Несколько человек, сравнительно молодых и безусловно жестоких, в темных тренировочных костюмах и вязаных шапочках, надвинутых на самые брови, вошли в салон автобуса. Один выстрел в потолок, пробивший крышу автобуса, немедленно сигнализировал пассажиркам, что к чему. Во всяком случае, так казалось бандитам. Определив приоритеты, налетчики легко справились с беспомощными женщинами. Челночницы были обобраны до нитки. Бандиты захватили не только папин товар, но и обобрали бедных женщин, сняв с них кольца и серьги, выпотрошили кошельки, сгребая жалкие деньги. Они взяли даже дешевенькие часы, у кого были, и пару редких в массе мобильных телефонов.

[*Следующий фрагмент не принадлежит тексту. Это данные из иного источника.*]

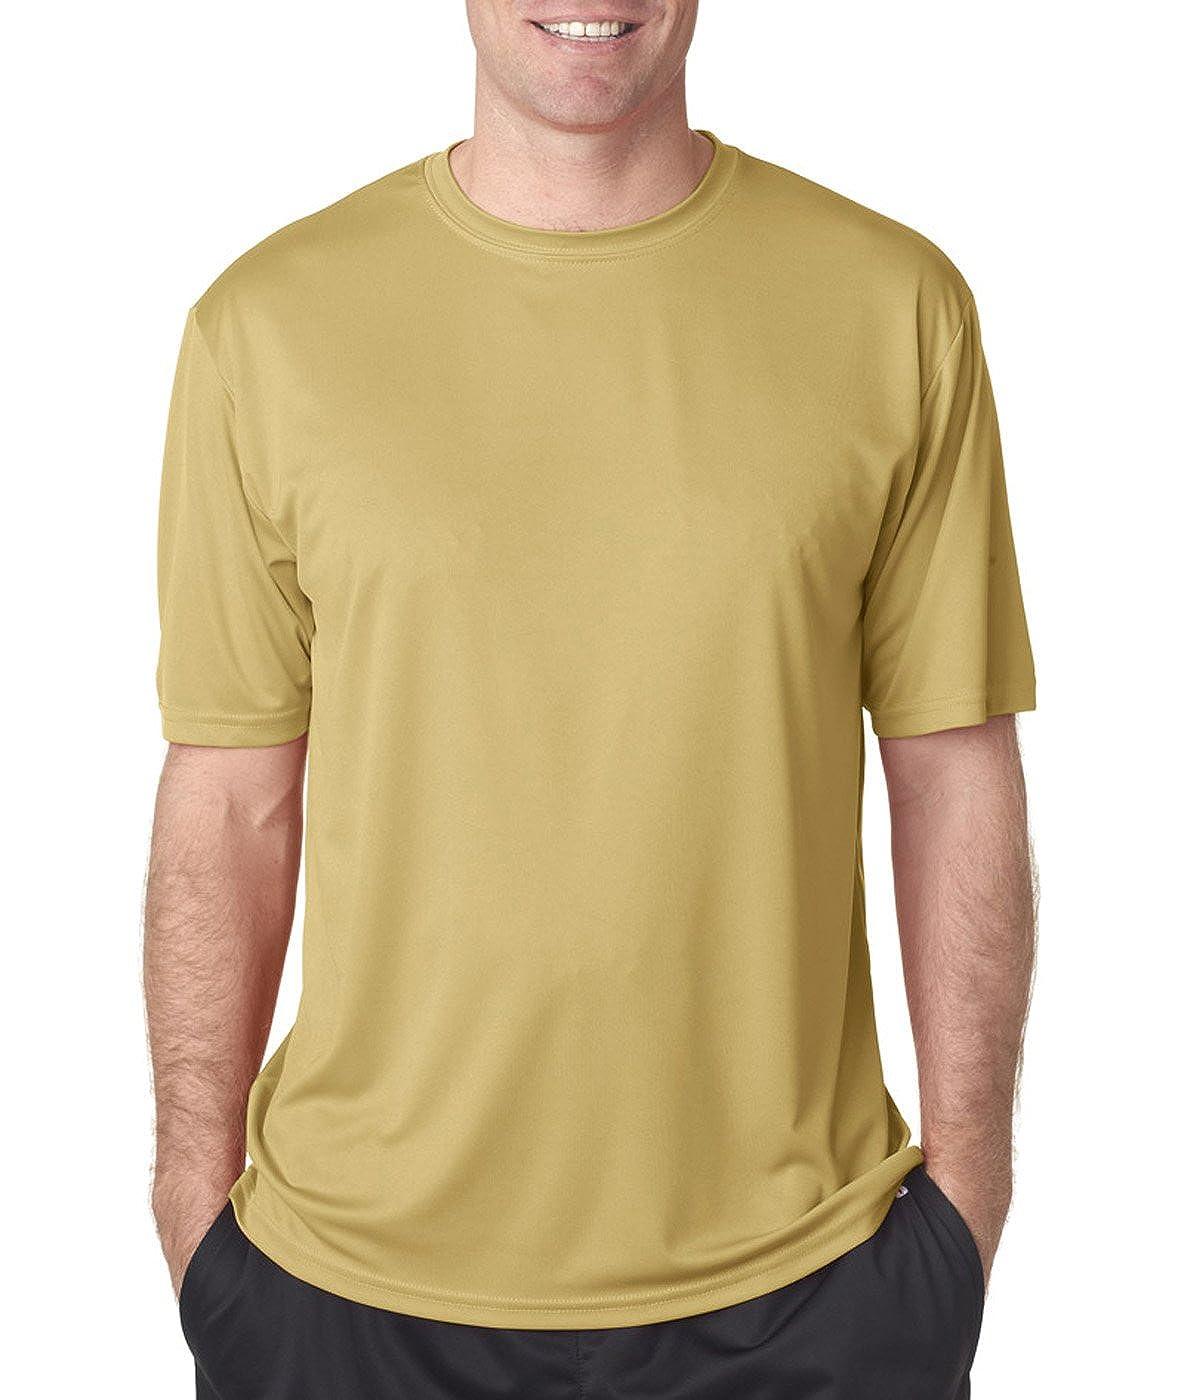 355f0aea7b2 A4 Mens Performance Colorblock T Shirts - Nils Stucki Kieferorthopäde

Хачик покрыл расходы. Не то чтобы безропотно, но без всяких внешних эмоций. Выплатил женщинам жалованье, шоферу лечение, остальное было его прямым убытком. Так и записал – «потеря товара по обстоятельствам чужого злоумышления». То есть не сам, конечно, записал, а велел бухгалтеру.

– Так не говорят, – сказала мама.

– Так не делают, – ответил отец.

Вроде бы замялось дело. Но ограбление повторилось.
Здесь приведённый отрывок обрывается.